Maar de PvdA is in haar woede ook lichtelijk vergeetachtig. Zelf opereerde ze evengoed opportunistisch in deze zaak. Toen de hele zaak volop speelde, vond Wouter Bos het nodig om het kabinet op te roepen om regeringen zoals de Marokkaanse, die hun burgers verbieden om hun paspoort op te geven ook als ze daarnaast een Nederlands paspoort , daar kritisch op aan te spreken.

De NRC noemde het gekozen moment "op zijn zachtst gezegd opmerkelijk" , ook al herhaalt Bos hiermee volgend die krant een eerder via een motie naar voren gebracht standpunt. En Femke Halsema, fractievoorzitter van GroenLinks, merkte over de PvdA op: "De partij is mee gaan bewegen met Wilders, vermoedelijk om weggelopen kiezers te behagen. Het effect kan wel eens tegenovergestel;d zijn, hier snapt geen kiezer meer iets van." Halsema signaleert hier bij de PvdA terecht dezelfde dubbelheid die ik eerder aanwees in de opstelling van Marijnissen.

De woede van Tichelaar op Marijnissen heeft opportunistische trekjes, en zou wel eens samen kunnen hangen met een groeiende nervositeit over de aanval die de SP keer op keer op de PvdA inzet.
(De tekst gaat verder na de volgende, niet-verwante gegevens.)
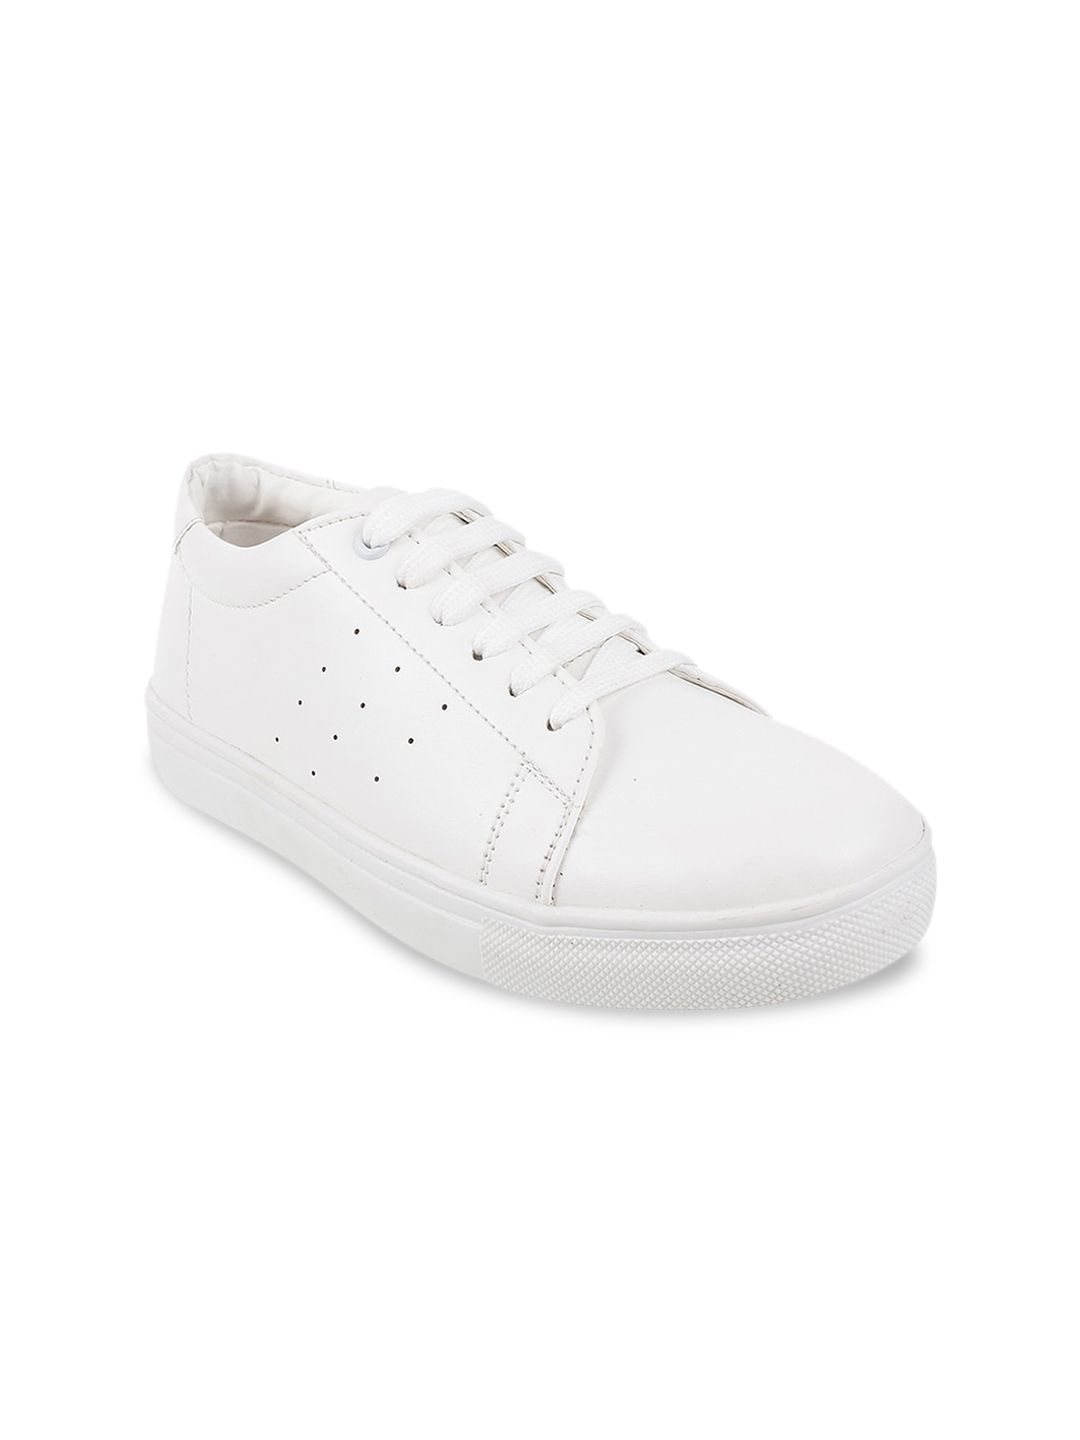 WALKWAY by Metro Women White Perforations Sneakers Price in India
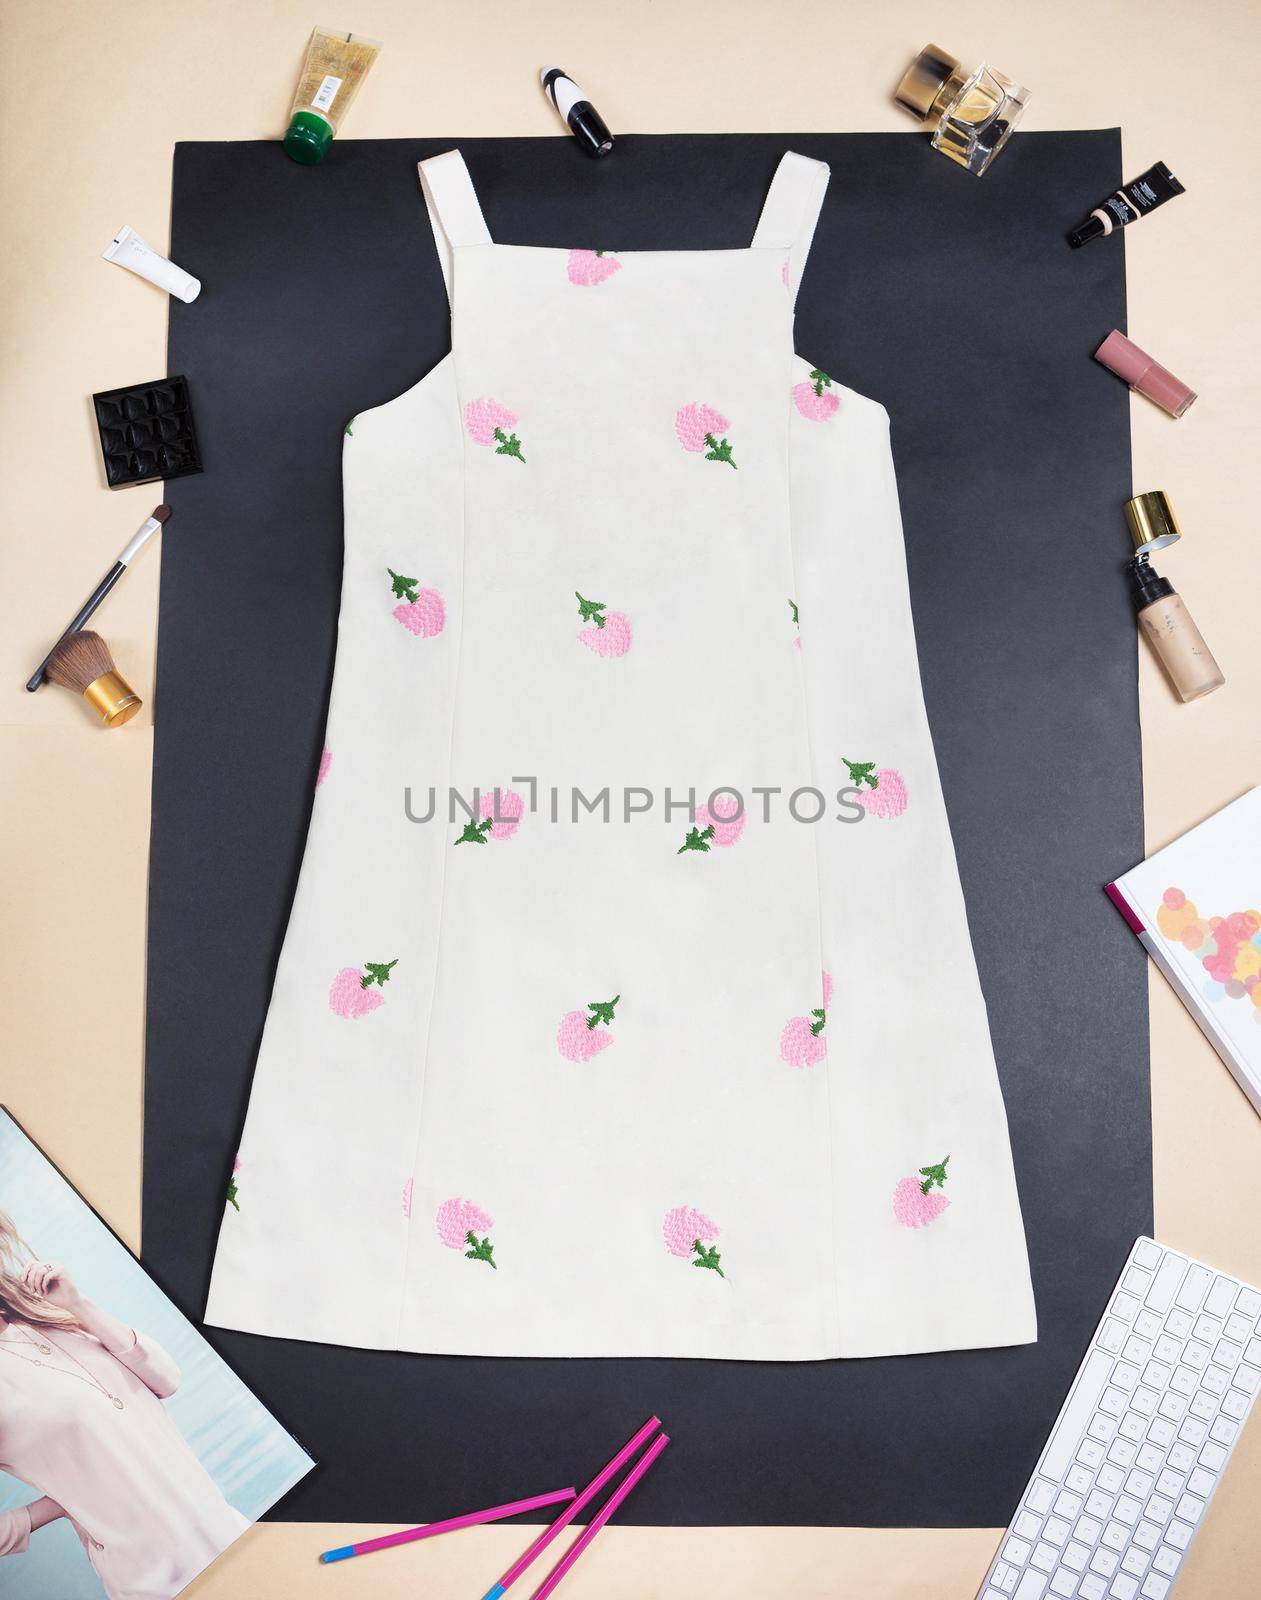 White flower woman outfit dress top view

En waar Marijnissens opmerkingen over paspoorten een rechtse strekking hebben, is die aanval van SP op Pvda verder overwegend links van aard.

Dat geldt voor de campagne 'Openheid over Irak' waar vooral ook de SP als aanjager optreedt, om een onderzoek rond de Irak-oorlog te eisen. Die campagne begint het kabinet wel degelijk in gevaar te brengen. "Irak-protest brengt PvdA in problemen" , zo bericht Trouw op 31 maart. Enige aandacht voor een heel andere kwestie, waarin de PvdA verschijnt als de vermoorde linkse onschuld - zou het de leiding van die partij tactisch wel zo slecht uitkomen?